*** Opening of STORED DATA ***

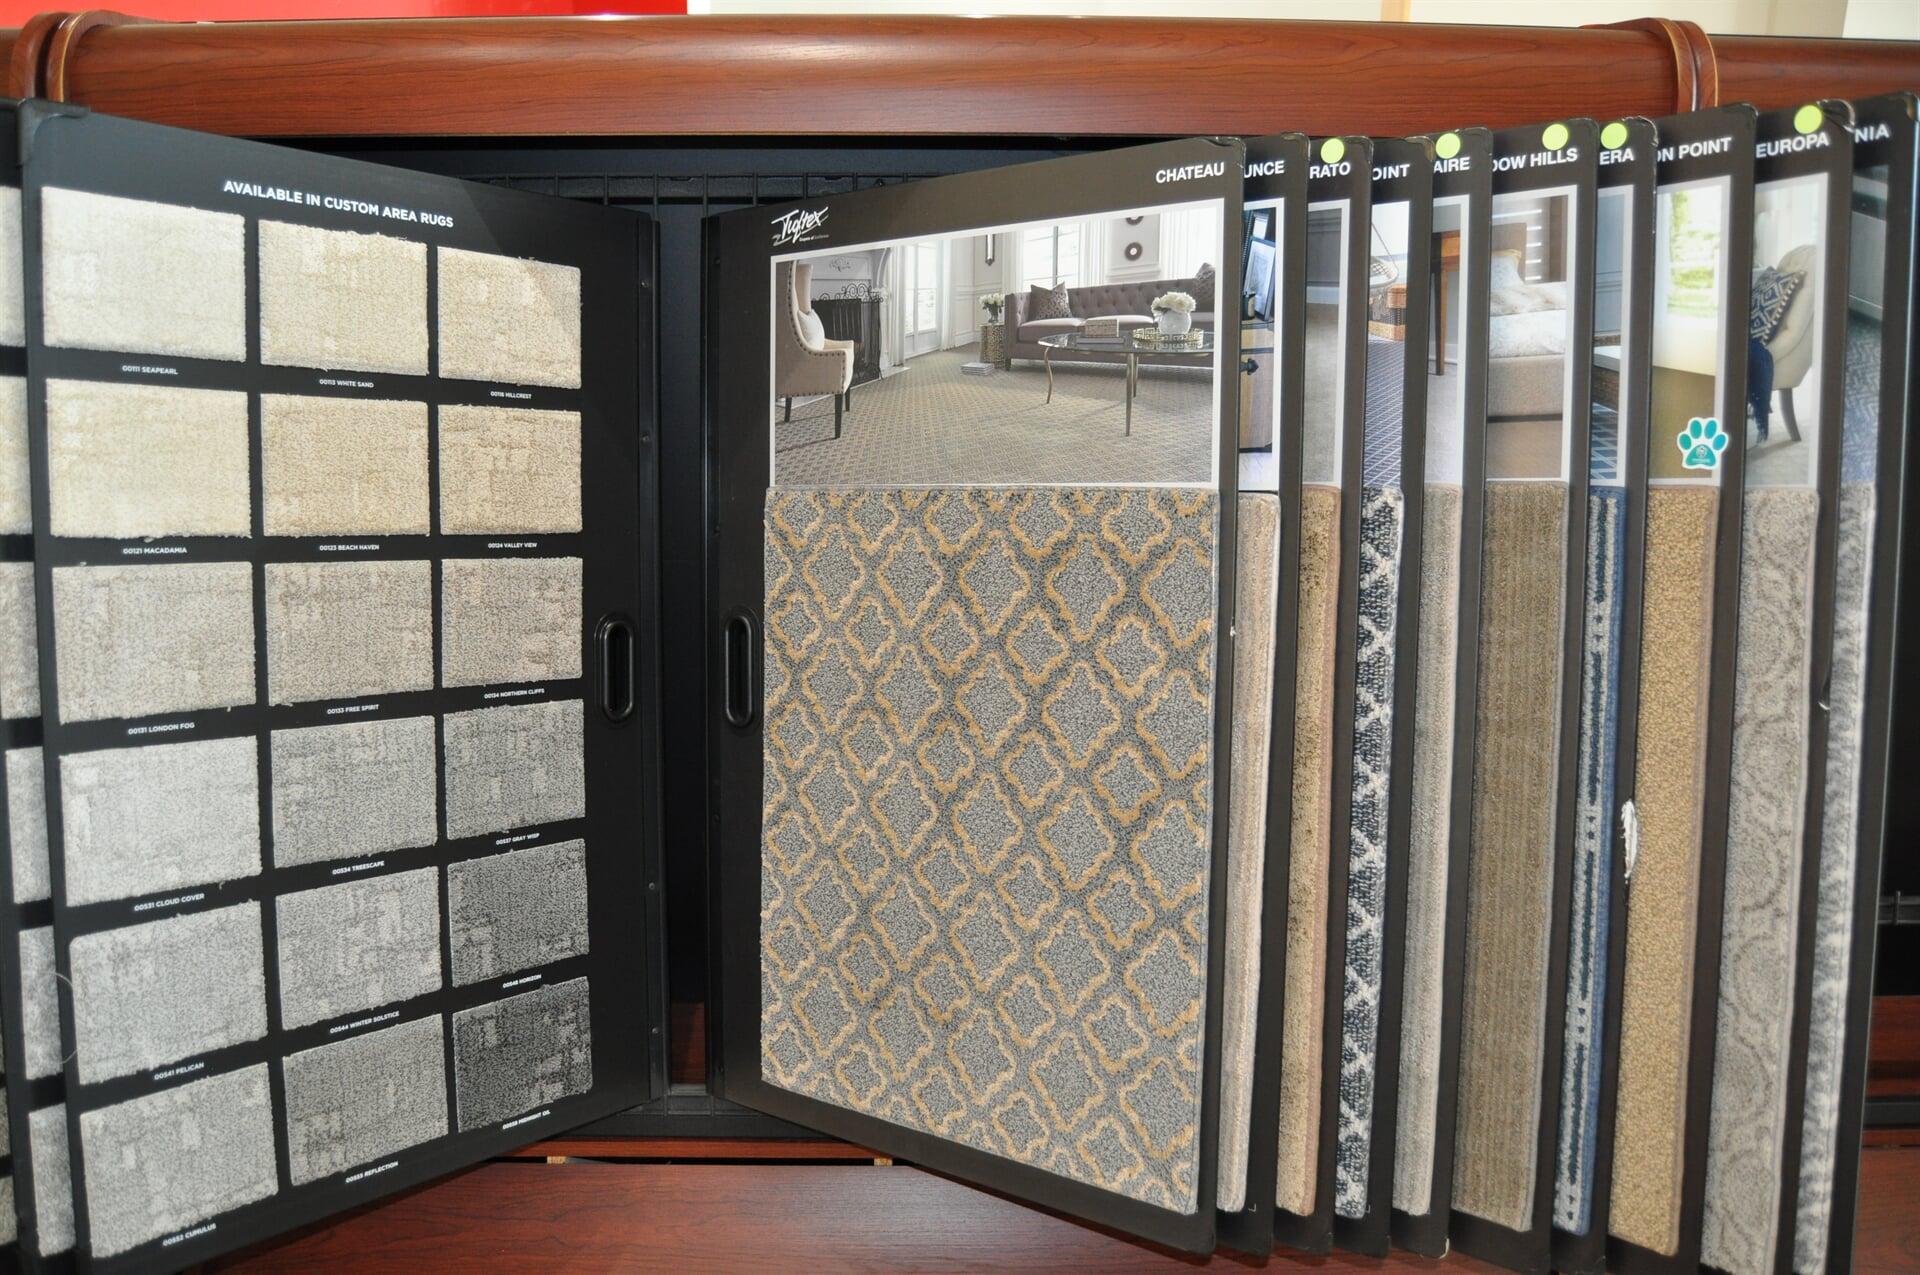 Tuftex carpet for your Nashville, TN home from Beckler's Flooring Center
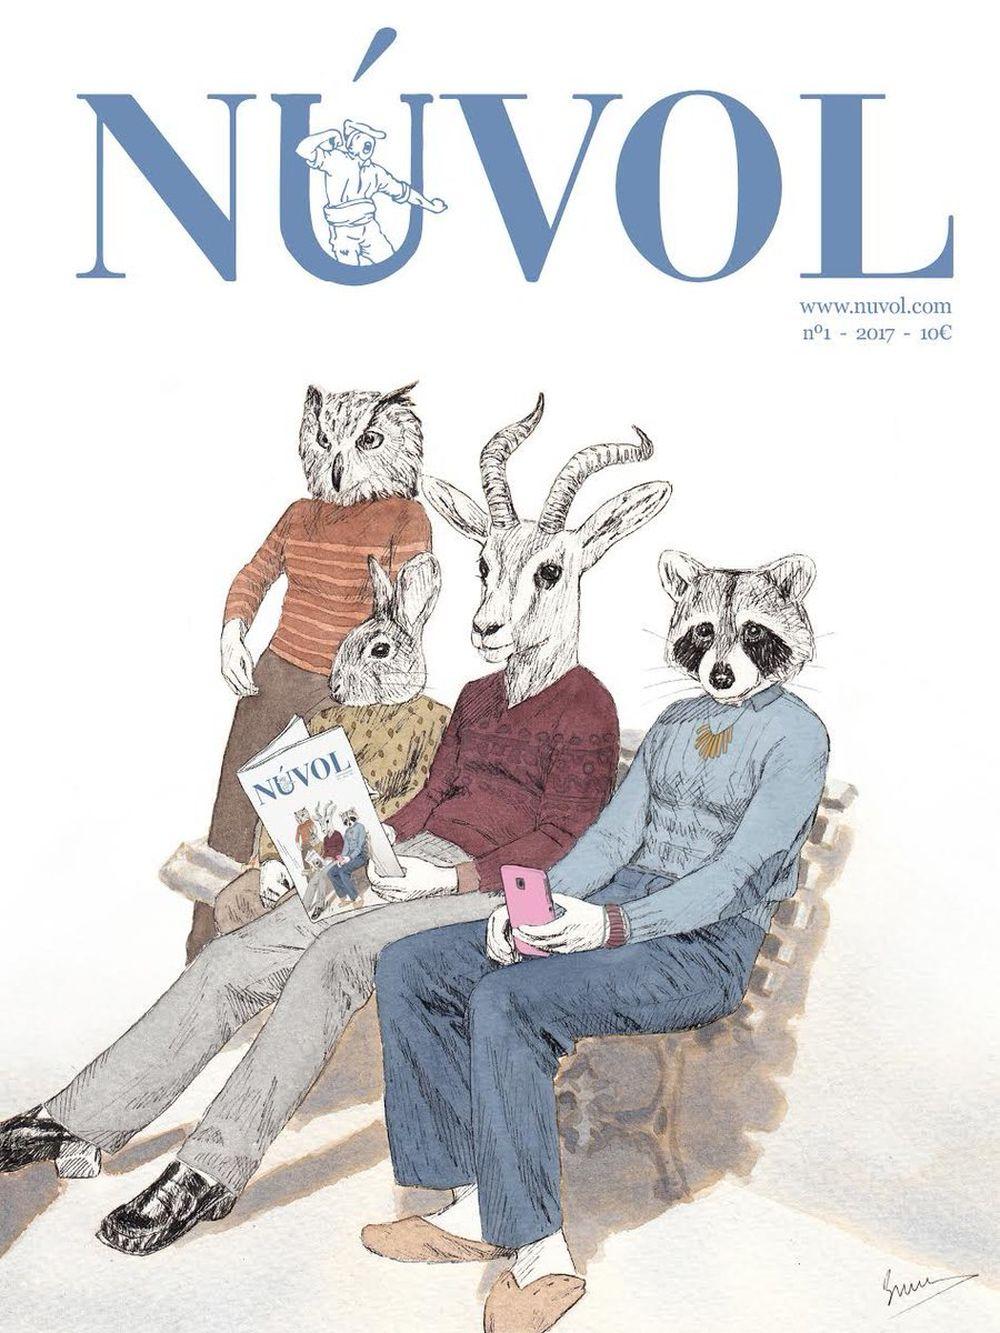 revista-Nuvol-desembarca-al-paper_1816028620_42358370_1000x1333.jpg
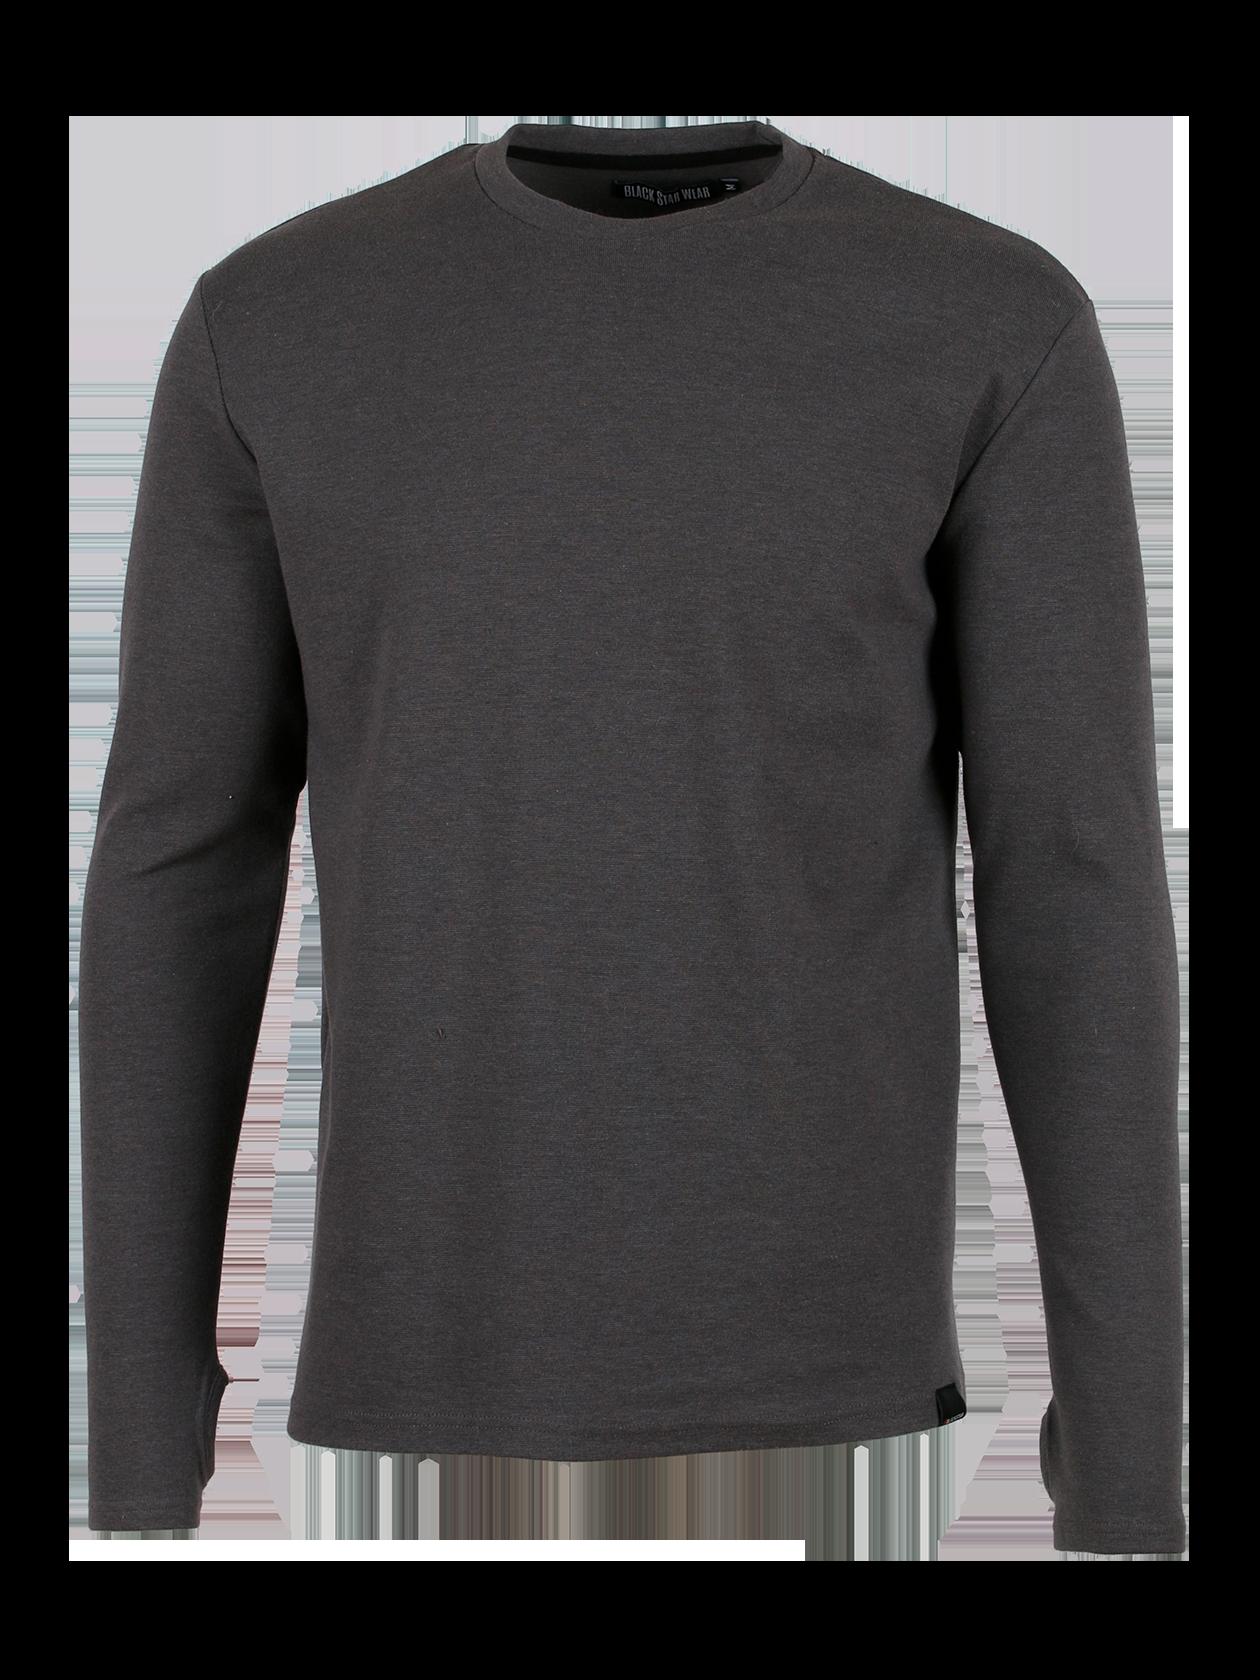 Лонгслив мужской RIB BLACK STARЛонгслив мужской Rib Black Star из линейки одежды Basic – незаменимая вещь в повседневном гардеробе. Модель лаконичного дизайна изготовлена из натурального износостойкого футера. Базовая серая расцветка актуальна в любом сезоне. Крой прямой, полуоблегающий. Узкая горловина округлой формы с жаккардовым логотипом Black Star Wear на внутреннем крае. Внизу с левого бока фирменная нашивка. Рукав дополнен выемкой для большого пальца. Стильный вариант на каждый день по демократичной цене.<br><br>Размер: S<br>Цвет: Серый<br>Пол: Унисекс

*** Close of STORED DATA ***

■ **ASSIGNMENT**
Would you reproduce the listing above exactly, without any of its images?

■ **REPLY TO THE TASK**
 Tuftex carpet for your Nashville, TN home from Beckler's Flooring Center
 revista-Nuvol-desembarca-al-paper_1816028620_42358370_1000x1333.jpg
 Лонгслив мужской RIB BLACK STARЛонгслив мужской Rib Black Star из линейки одежды Basic – незаменимая вещь в повседневном гардеробе. Модель лаконичного дизайна изготовлена из натурального износостойкого футера. Базовая серая расцветка актуальна в любом сезоне. Крой прямой, полуоблегающий. Узкая горловина округлой формы с жаккардовым логотипом Black Star Wear на внутреннем крае. Внизу с левого бока фирменная нашивка. Рукав дополнен выемкой для большого пальца. Стильный вариант на каждый день по демократичной цене.<br><br>Размер: S<br>Цвет: Серый<br>Пол: Унисекс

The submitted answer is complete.